The Righteous (2021)
10/10
Excellent opera prima
11 December 2022
«The Righteous» is an amazing first film by Mark O'Brien, a 38-year-old Canadian actor, who since 2005 began directing and writing well-received short films. In making this first feature film, O'Brien demonstrates mastery of the elements that make up his work, while delivering a first-class performance on camera, that inspires the excellent cast.

The movie addresses two subjects that genre filmmakers often combine: religion and fear. Or more specifically, Catholicism and terror. But just as the formula is liked, it is also one of the subgenres that incurs the most in sensationalism, green liquids, spinning heads and the profane. Not here. «The Righteous» is a sober, original, and well-written film, which I would only question its propensity for extensive use of dialogue.

The protagonist is Frederic (Czerny), a former priest who hides a couple of secrets that lead him to a deep moral and ethical crisis when his adoptive daughter dies. His wife Ethel (Kuzky) is devastated, but he endures most of the unexpected tragedy, realizing that he has some "unsettled issues with God." The conversations with his priest friend Graham confront him; the visits from Doris, the dead girl's biological mother, stress him out; and finally, the arrival of a stranger at his house, 20 kilometers from the nearest town, alters everything.

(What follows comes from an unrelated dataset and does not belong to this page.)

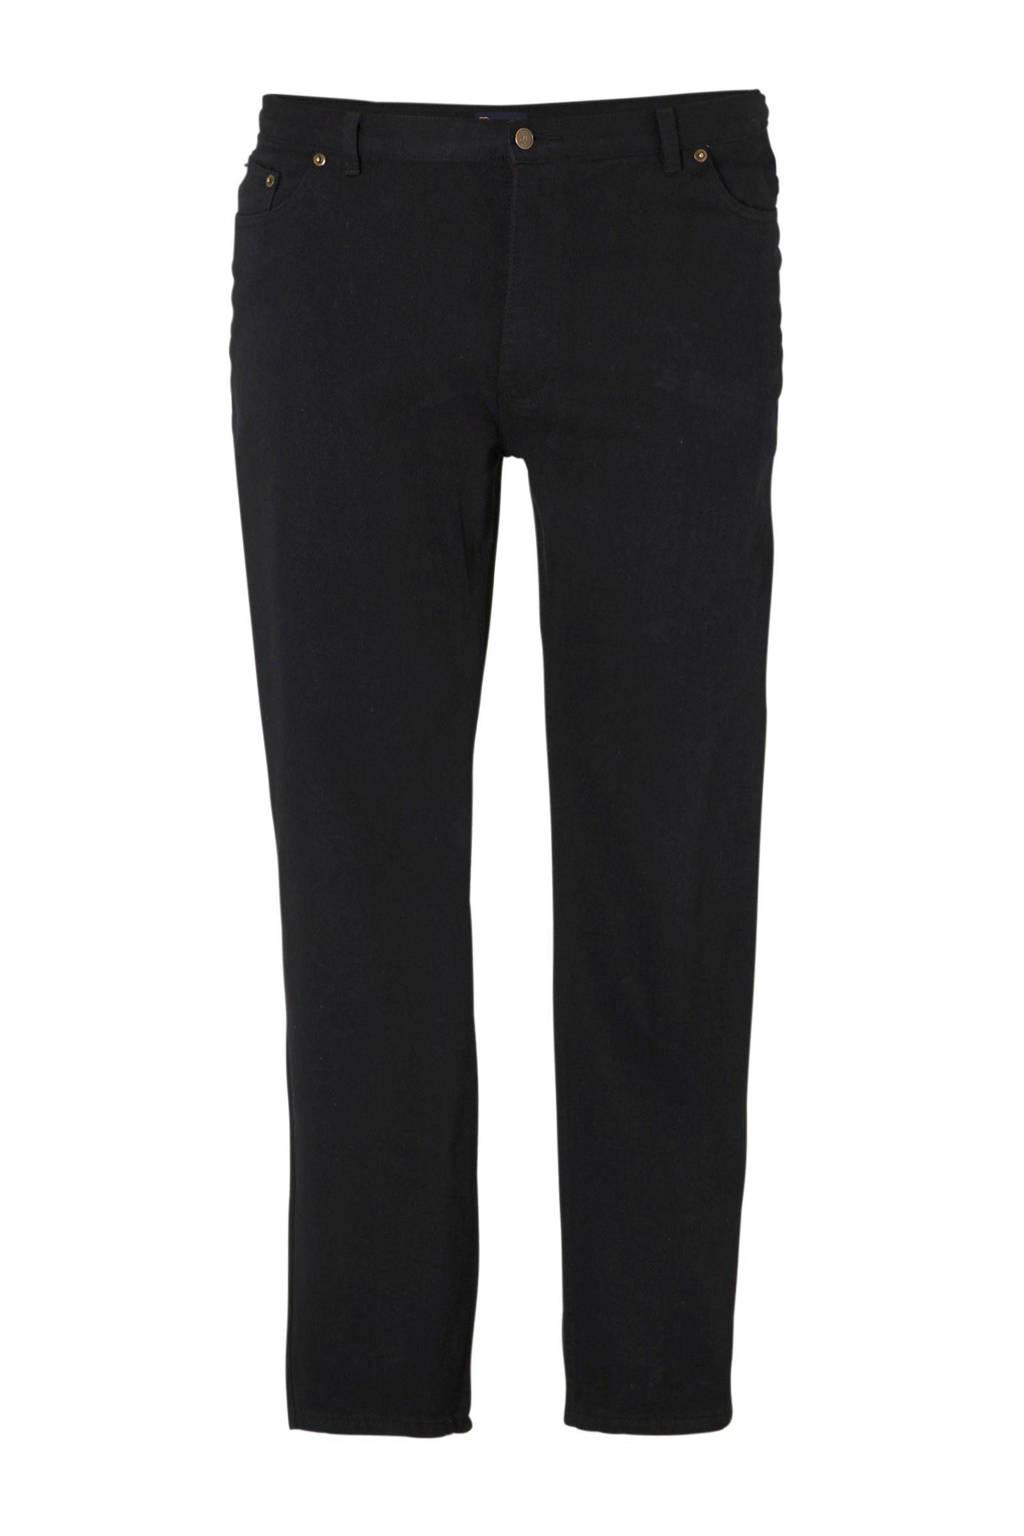 Rockford +size loose fit comfort jeans, Zwart

Aaron (played by the director) does not remember how he got there, why he is limping, and although the couple fear and mistrust his presence at first, they end up accepting him... until Aaron asks Frederic to kill him.

The interest of what follows increases as the minutes go by, up to the ending, when the film reaches a paroxysmal and almost apocalyptic conclusion. It is true that, for an audience accustomed to superheroes, Disney or anime, the verbal exchanges of «The Righteous» could seem enigmatic, not helped much by the inclination of the dialogues towards the arcane to explain motives and reasons. But it is not fair to reject a film because it is not made to please a large audience, that resists reducing its components to the lowest common denominator so that everyone "understands".

It is a film of our times for a special audience, who will know how to recognize the trot of the four horsemen in the final scene, without seeing them or learning who they are. An audience that will remember that, at the end of the day, even the righteous will fall.